Deux points positifs à cette cinquième saison cependant : d’abord, le personnage de Shoshanna, qui sort clairement du lot par son humanité et sa sensibilité. La jeune fille se retrouve confrontée à un possible départ du Japon, où elle avait pris ses marques, professionnelles comme relationnelles, et fait des connaissances bien plus enrichissantes qu’au contact de ses copines américaines autocentrées. Shoshanna, qui paraissait un peu superficielle et farfelue dans les premières saisons, se révèle être la seule à se révolter face à la fausseté des relations qu’elle entretient avec les trois autres « girls » et à l’hypocrisie de ces dernières. Ensuite, un passage entier du dernier épisode, où Jessa et Adam (l’ex-petit copain d’Hannah, interprété par l’excellent Adam Driver) se disputent à propos d’Hannah. Les deux personnages cassent tout dans leur appartement, brisent des tableaux, envoient valser les assiettes et en profitent pour insulter la jeune femme à l’égocentrisme imbuvable de tous les noms d’oiseaux qui leur passent par la tête. Dans une pleine conscience de ce qu’Hannah fait subir à son entourage, cette séquence où les protagonistes laissent enfin éclater leur aversion envers la jeune fille s’avère le moment le plus jouissif de la série toute entière. Pourtant, il souligne d’autant plus le véritable défaut du programme : parmi ces personnages qui se détestent, ces copines qui passent leur temps à se casser du sucre sur le dos et des couples chez qui les coups bas règnent en maîtres, difficile pour le spectateur de trouver sa place dans ce climat malsain d’animosité générale.
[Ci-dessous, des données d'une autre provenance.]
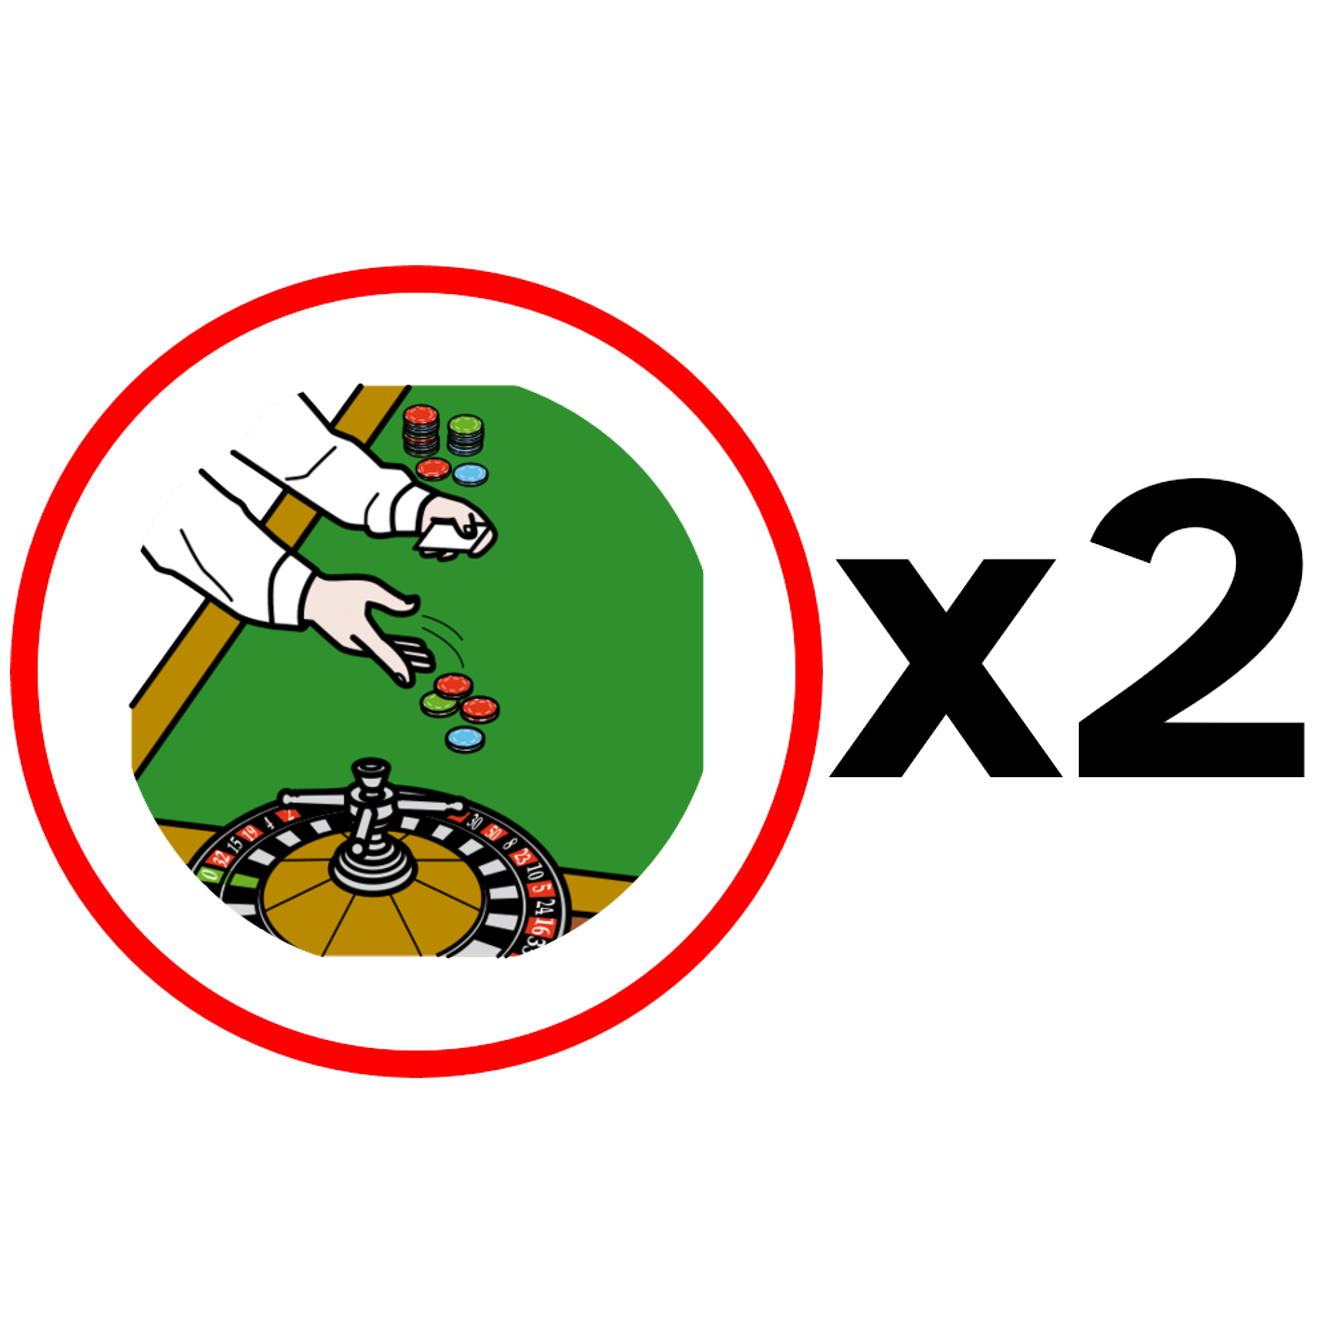 La imagen muestra un círculo rojo a la izquierda con dos manos apostando sobre el tapete de una ruleta y, a la derecha, el signo de multiplicar junto al número dos.

Il ne nous reste plus qu’à prier, en bons masochistes fureteurs que nous sommes, pour que la sixième saison, comme l’a annoncé Lena Dunham elle-même, soit bel et bien la dernière. Peut-être pourrons-nous alors recommencer à rêver joyeusement aux côtés de personnages télévisuels bien plus attachants…
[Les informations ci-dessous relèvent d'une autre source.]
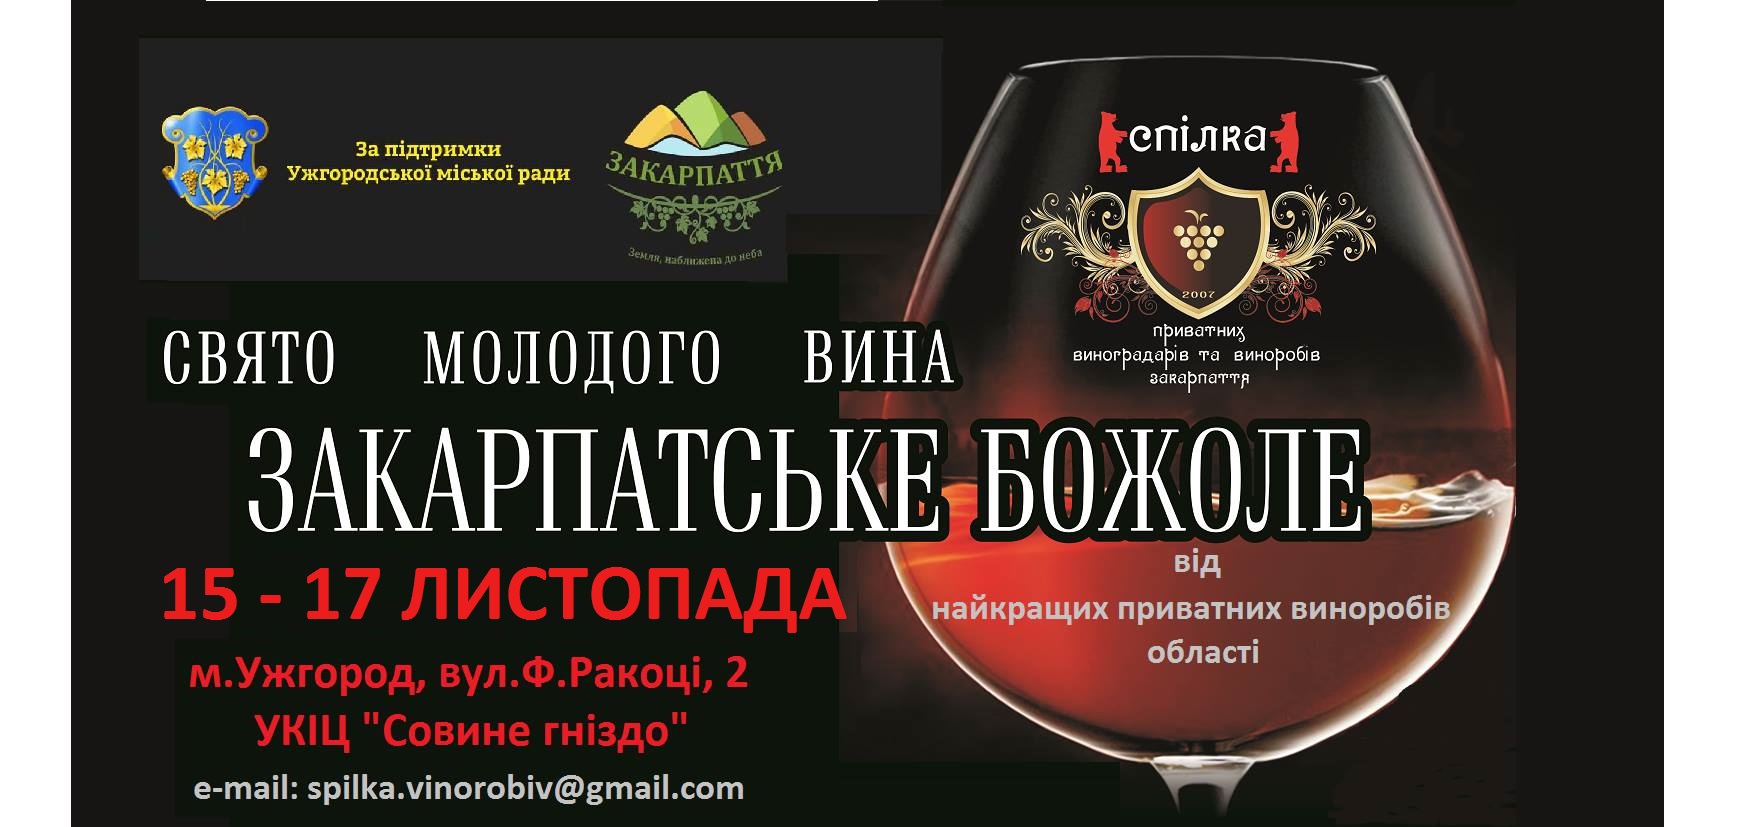 Свято молодого вина «Закарпатське Божоле» – в Ужгороді 15-17 листопада

2 réflexions sur « Girls ~ Lena Dunham »

  1. Bizarrement, cette série ne m’a jamais tenté, elle me paraît inexplicablement « vide » alors que je n’ai pas pris le temps de regarder un seul épisode…
    Bon après, ça parle pas de zombies ou de mecs qui tapent d’autres mecs au milieu de trucs qui explosent donc bon, ça partait avec un gros handicap de toute façon, pour moi.